A RAND Research Brief Offers a New Model for Estimating Recidivism Risk
Key Takeaways :
The risk of recidivism declines the longer a person is in the community and does not commit a crime. Therefore, past criminal records are rarely a good predictive measure of future convictions.
The reset principle sets forth the requirement that employers can and should estimate a person's risk when a background check is conducted rather than at the time of their last interaction with the criminal justice system. This then takes into account the time spent in the community and their declining risk for recidivism.
After sufficient time without a new conviction, even people originally estimated as high risk for reoffending (people with a more extensive criminal background) move to risk levels similar to those who were initially estimated to be at the lowest risk level.
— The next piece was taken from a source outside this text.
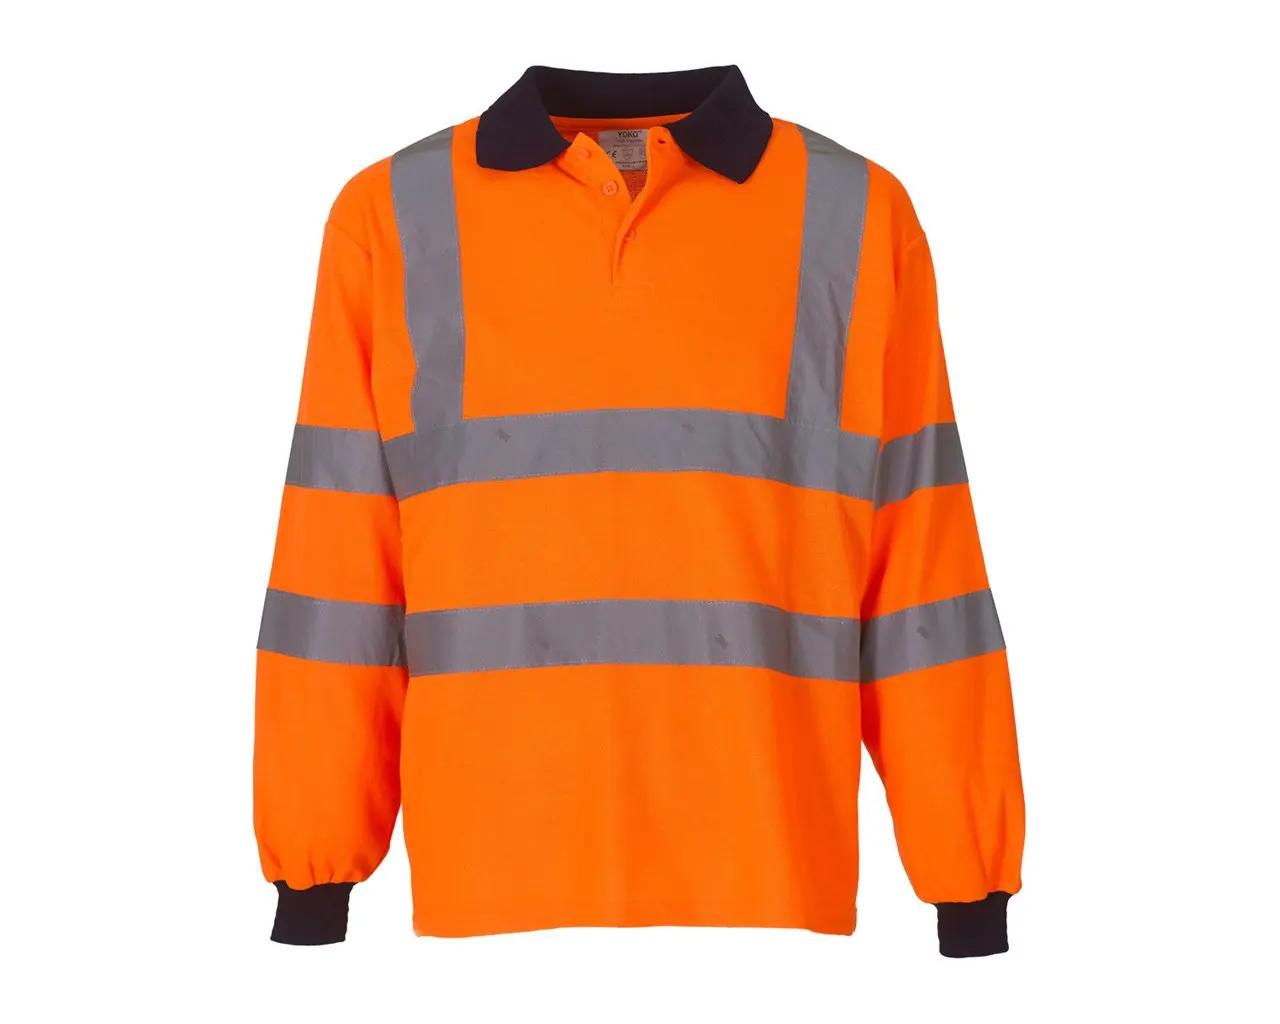 Hot Sell Hi Vis Work Traffic Reflective Safety Shirts Class 3
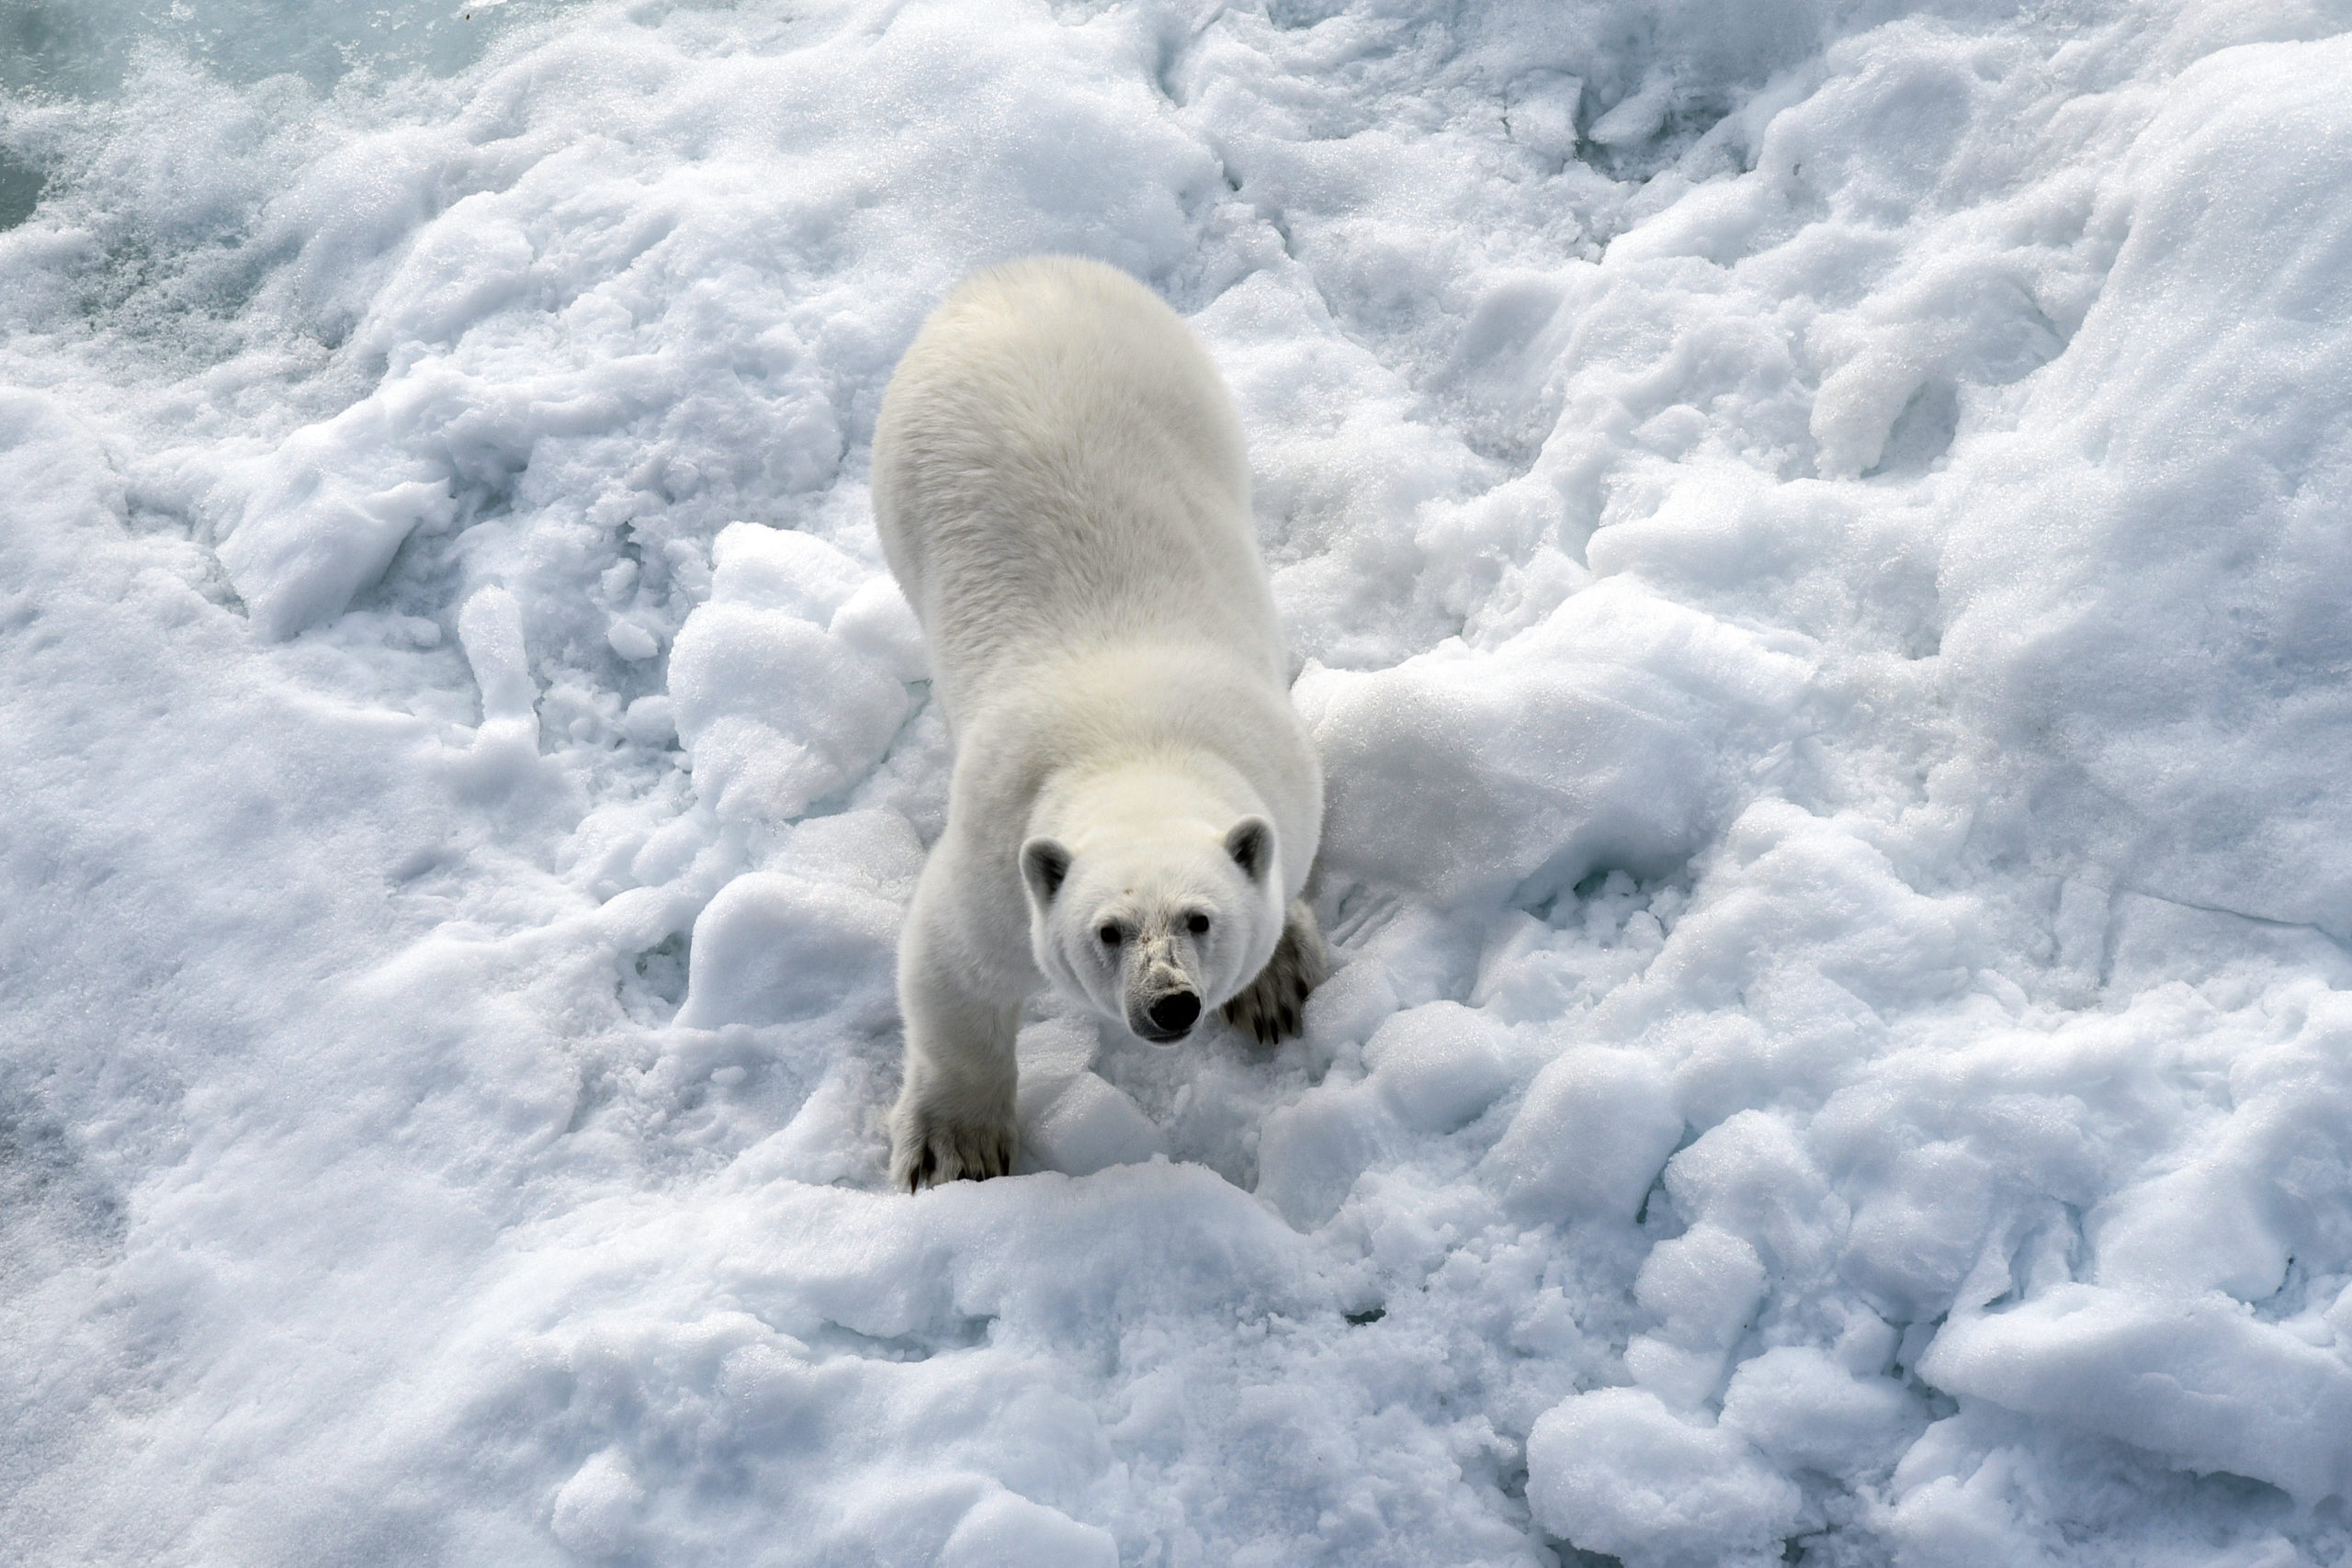 Russian researchers are seeing more cannibalism among polar bears -  ArcticToday

Criminal background checks are often conducted by employers to identify and filter out candidates who are considered too risky to hire. Results from these background checks are often used to justify barring people with convictions from obtaining gainful employment for a set period of time.
A RAND research report supports previous findings that the likelihood of an individual reoffending declines the longer they are in the community. The authors describe the “reset principle” - and risk-prediction models that satisfy it - to account for the time a person has spent free in the community without a conviction. This time signals declining recidivism risk that may contribute to their employability.
To read the full RAND study, please visit:
The research team developed a model based on a North Carolina data set of convictions including more than 1 million people. They used high standard statistical and machine-learning techniques to analyze the data and assess the adequacy of its model in order to estimate recidivism risk. The authors encourage employers to use the reset principle as a tool to fill vacancies with low risk candidates who are not able to be identified using current models.